◆ Data records
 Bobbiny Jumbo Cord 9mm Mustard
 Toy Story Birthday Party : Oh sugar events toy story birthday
* * *
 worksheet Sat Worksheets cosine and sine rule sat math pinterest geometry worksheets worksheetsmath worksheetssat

◆ Prompt
Send back an exact copy of only the lines from the line with "Bobbiny Jumbo Cord 9mm Mustard" up to and including the line with "Toy Story Birthday Party" in the data above.

◆ Written answer
 Bobbiny Jumbo Cord 9mm Mustard
 Toy Story Birthday Party : Oh sugar events toy story birthday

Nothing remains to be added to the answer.